Потом я вернулся домой. Лёг на диван. И впервые за тринадцать месяцев уснул нормально. Не в том отупелом забытьи, которое заменяло мне сон, а по-настоящему. Как человек, который устал. От жизни. В хорошем смысле.
Три недели я снимал каждый день. Утром – двор. Днём – улица перед домом. Я научился ориентироваться по звукам и запахам. Булочная в тридцати шагах от подъезда – корица и дрожжевое тесто. Остановка – в пятидесяти, там пахнет выхлопом и мокрым бетоном. Перекрёсток – в ста двадцати, звук светофора, «бип-бип-бип», и поток машин.
Я снимал всё. Не выбирая. Поднимал камеру и нажимал. Иногда – вверх. Иногда – вбок. Иногда – прижимая камеру к земле. Я не видел, куда направлен объектив. Но слышал, что рядом. И верил, что камера поймает то, что я слышу.
Плёнку я не мог проявить сам. Отнёс в фотолабораторию на Декабристов – знал дорогу наизусть, ходил туда сотни раз, когда ещё видел. Девушка на приёмке сказала:
– Ой, Nikon F3. Давно таких не видела. Ретро.
Я не стал объяснять. Забрал конверт через два дня. Позвонил Лёне.
Он не поверил. Примчался за двадцать минут. Я слышал, как он взлетел по лестнице – бесшумные шаги стали тяжёлыми, торопливыми. Я открыл дверь до того, как он постучал.
– Ты, – сказал он. И замолчал.
– Я, – ответил я.
Мы стояли в дверях. Я протянул ему конверт.
– Плёнка. Три катушки. Я не знаю, что там.
Он взял. Вошёл. Я слышал, как он сел за мой стол, включил ноутбук. У меня был сканер для плёнки – старый, пыльный, но рабочий. Лёня знал, как им пользоваться. Он сканировал. Молча.
Четыре минуты. Я считал. Четыре минуты абсолютной тишины. Ни слова. Ни вздоха. Только гудение сканера и щелчки мыши.

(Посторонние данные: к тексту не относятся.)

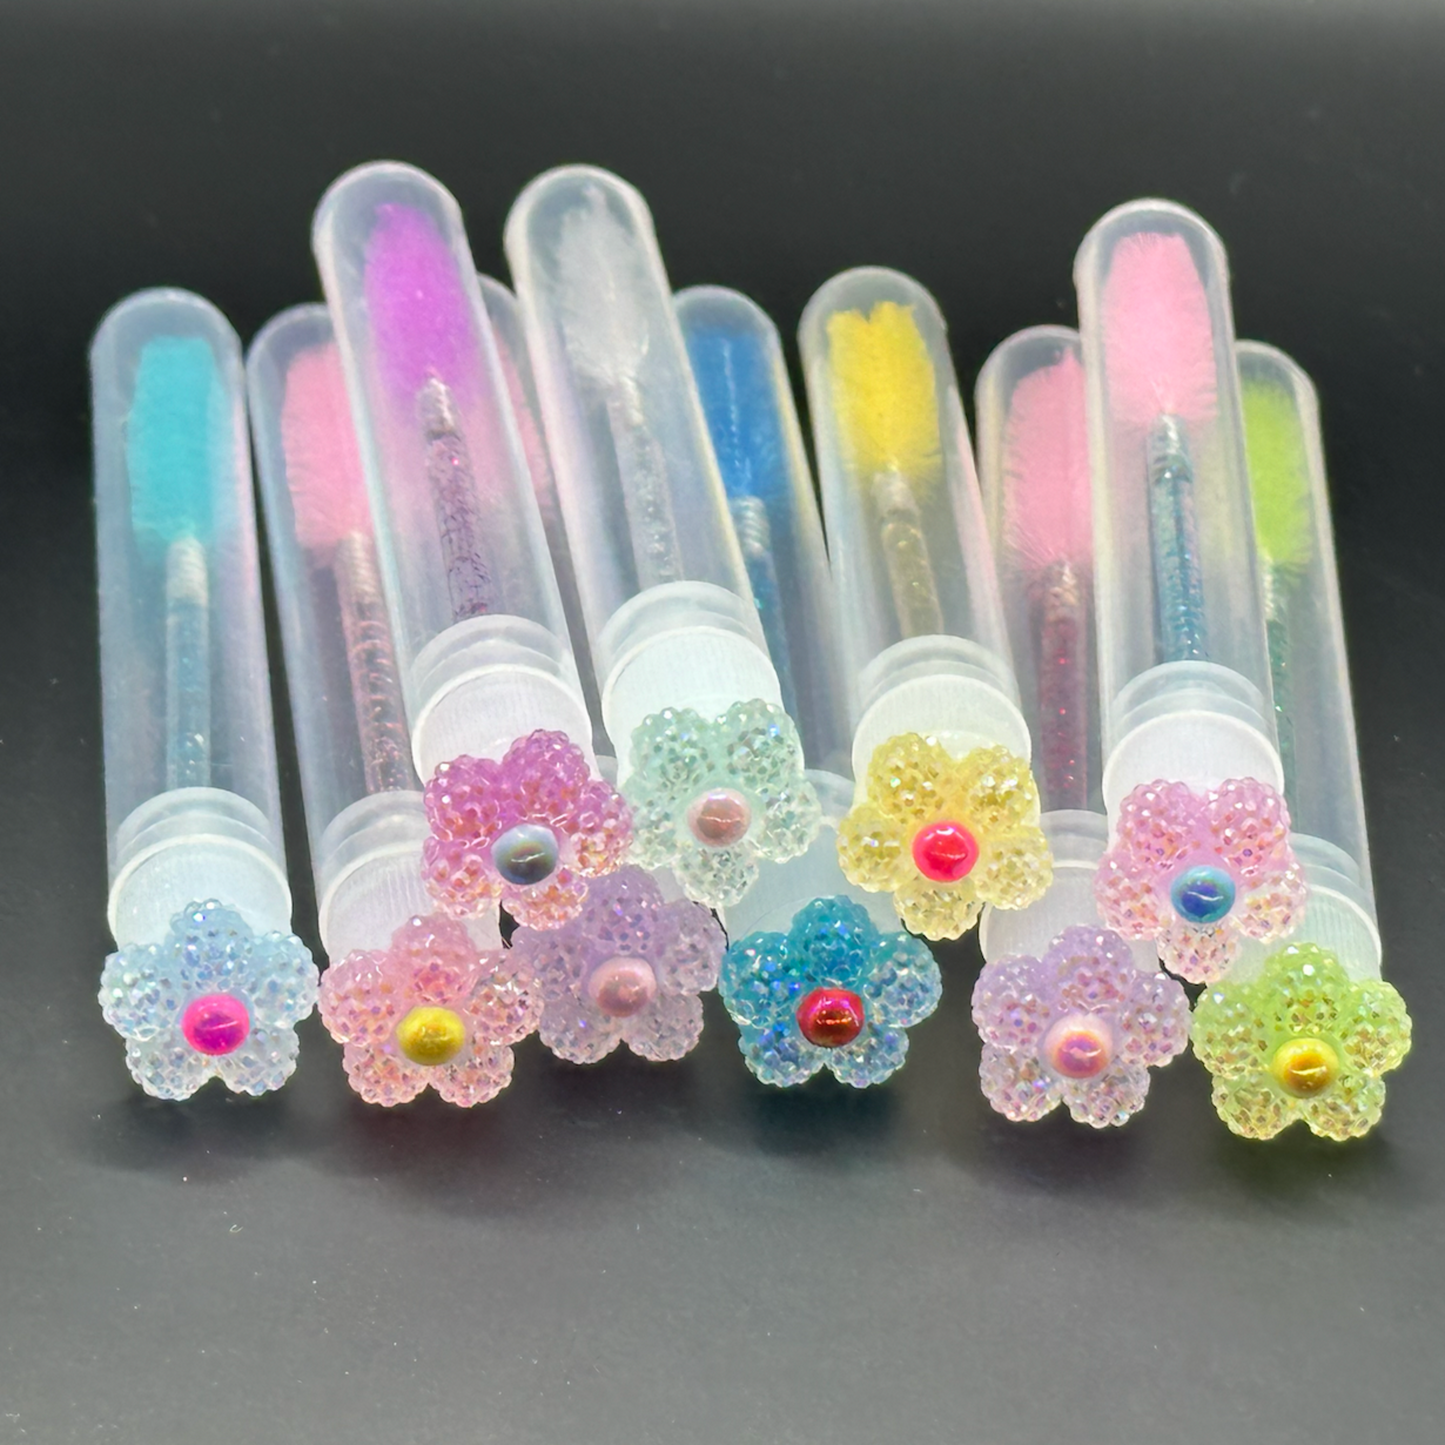 Regular Eyelash Wands with Cover - Sparkly Flowers

Потом звук, которого я не ожидал. Тихий, рваный, как будто кто-то пытался вдохнуть и не мог. Лёня плакал. Тот самый Лёня, который на моей памяти не плакал ни разу – ни на похоронах своей матери, ни когда от него ушла жена, ни когда он сломал руку на съёмках. Этот человек сидел за моим столом и плакал, глядя в экран.
– Лёнь.
Он не отвечал. Я слышал, как он вытирает лицо – ладонью по щеке, резко, зло, будто стыдился.
– Лёнь, скажи что-нибудь. Они плохие?
Он засмеялся. Или всхлипнул – я не мог разобрать.
– Ты издеваешься?
– Нет.
– Это лучшее, что ты снял за двадцать лет. – Его голос был мокрым и хриплым. – И я не вру тебе, потому что ты этого не заслужил – я вру только тем, кого не уважаю.
Я не поверил. Как можно поверить? Слепой человек снимает наугад, и это – лучшее за двадцать лет?
Лёня начал описывать.
– Вот этот кадр. Ты снял его, видимо, когда повернулся на звук. Камера была внизу, на уровне колена. Ребёнок на качелях – снят снизу, почти с земли. Цепи уходят вверх, как рельсы в небо. Ребёнок маленький, размытый, но видно, что он смеётся. А фон – чёрные ветки деревьев. Контраст чудовищный. Зрячий человек так не снял бы. Он бы выровнял горизонт, взял бы ребёнка по центру, сделал бы «правильный» кадр. А ты снял – неправильный. И он живой.
Я молчал.
– Вот ещё. Голуби. Ты снял их, видимо, от бедра. Камера смотрит вверх под углом. Голуби – сверху, как будто летят прямо на тебя. Три птицы. Одна – резкая, две – в движении, смазанные. Это не фотография. Это ощущение. Как будто ты внутри стаи.
Он листал дальше.
– Лужа. Отражение дома. Но ты снял не дом – ты снял лужу. Дом – вверх ногами, перевёрнутый. И в углу – чей-то ботинок. Ступает в воду. Рябь пошла. Мир ломается. Руст, это гениально. Я не преувеличиваю.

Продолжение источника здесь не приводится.